Buying Bucyrus at an enormous premium at a time when it was widely believed/known that mining was on the verge of a serious downturn, if not total freefall. The continued huge goodwill claim is going to crash down eventually, along with the dividend and the share price.
 
Actually, the mining equipment business was only several months into its boom when the deal was made public in November 2010. Final approval in July 2011 cleared the way. Not until late 2011 did prices for mined metals begin to level off, one year after the acquisition was announced. Caterpillar saw an opportunity to expand its line of mining equipment. At the time, just about everybody thought this was a good deal.
 
Siwei disaster. "Win in China". Somehow due diligence didn't extend to checking whether several hundred millions of dollars of inventory existed. It didn't, whoops. Not to mention the serious accounting red flags that were flat out ignored.

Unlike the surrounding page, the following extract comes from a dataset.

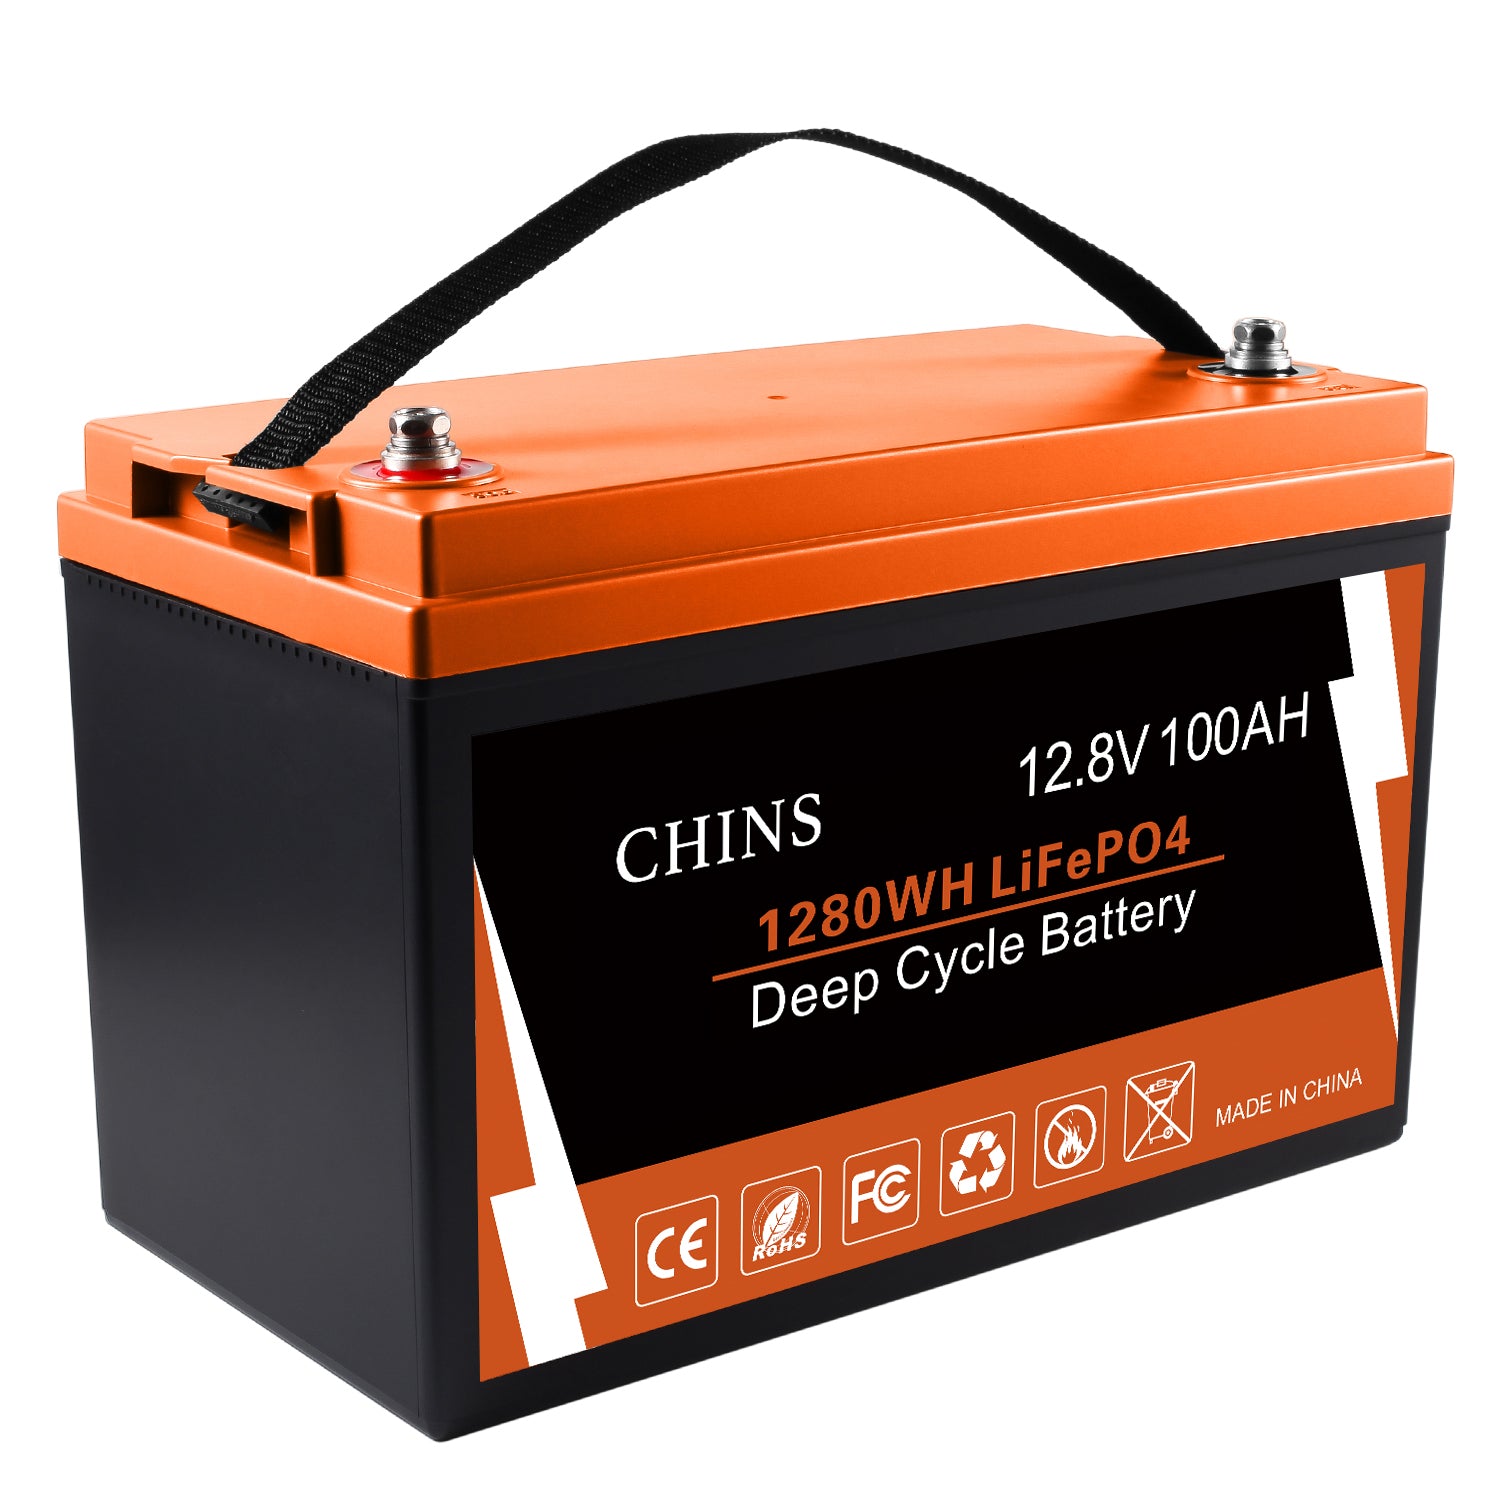 12V 100Ah Lithium-based batteries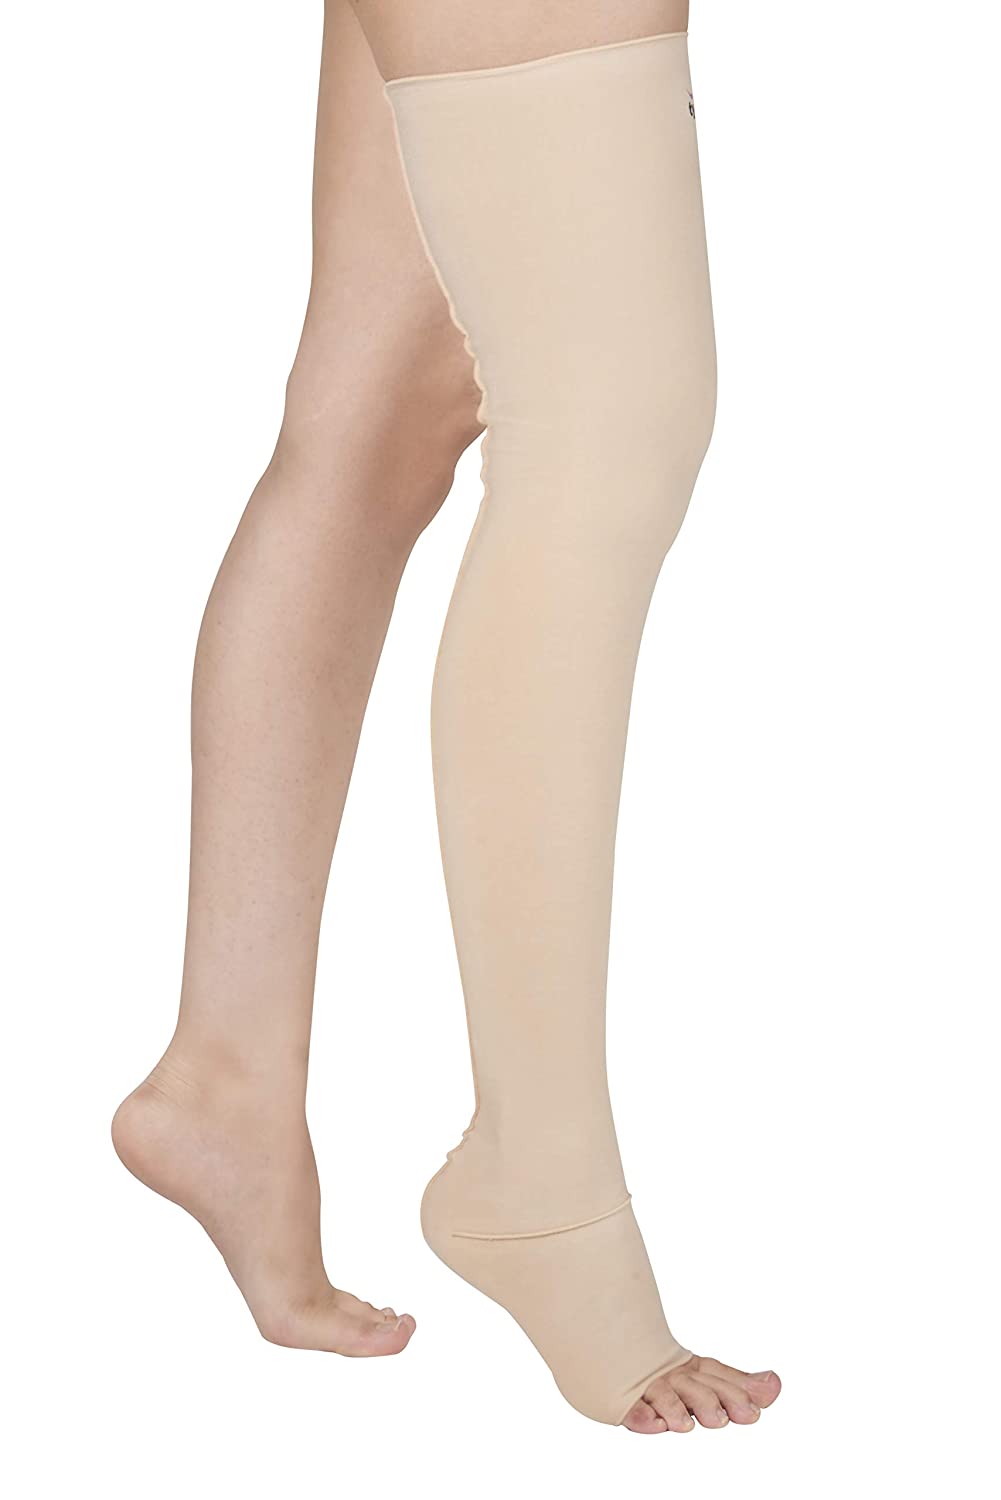 AHS Compression Stockings Leg Mid Thigh (Open Toe) 20-30mmHg-1

Also China; somehow not recognizing that roughly 30% of the record revenue at the high was tied to an unsustainable Chinese stimulus, which of course ended abruptly.
 
Oberhelman took the blame for that, and the board kept him on.
 
Spending a ton of cash buying assets from Navistar to re-enter the on-highway truck business. One of the few good decisions was to pull out of the deal before they lost their ***.
 
A strange deal since Cat had just exited the on-highway truck engine business. But there is risk in new ventures, and this one proved a failed one. It happens.
 
There are plenty, plenty more that aren't public knowledge. Cat is hemorrhaging good long-term experienced employees along with the massive layoffs. Artificially propping up the stock price with accounting trickery and stock buyback isn't going to last forever. I'm not sure what the future holds for Cat, but it's going to get a lot worse before it gets better.
 
Cat's biggest mistake was thinking record demand for its products in 2011-2012 was "normal," and significantly increased capacity to avoid losing orders, as it feared happened in the boom prior to the 2008 financial crisis. There is only so much demand for goods and services in a specific period of time. Government stimulus accelerates it, but doesn't increase it, thus economies experience a "sugar high" then a "sugar low." The strengthening US Dollar doesn't help matters either. Good or bad, Oberhelman will remain CEO until his mandatory retirement in 2018.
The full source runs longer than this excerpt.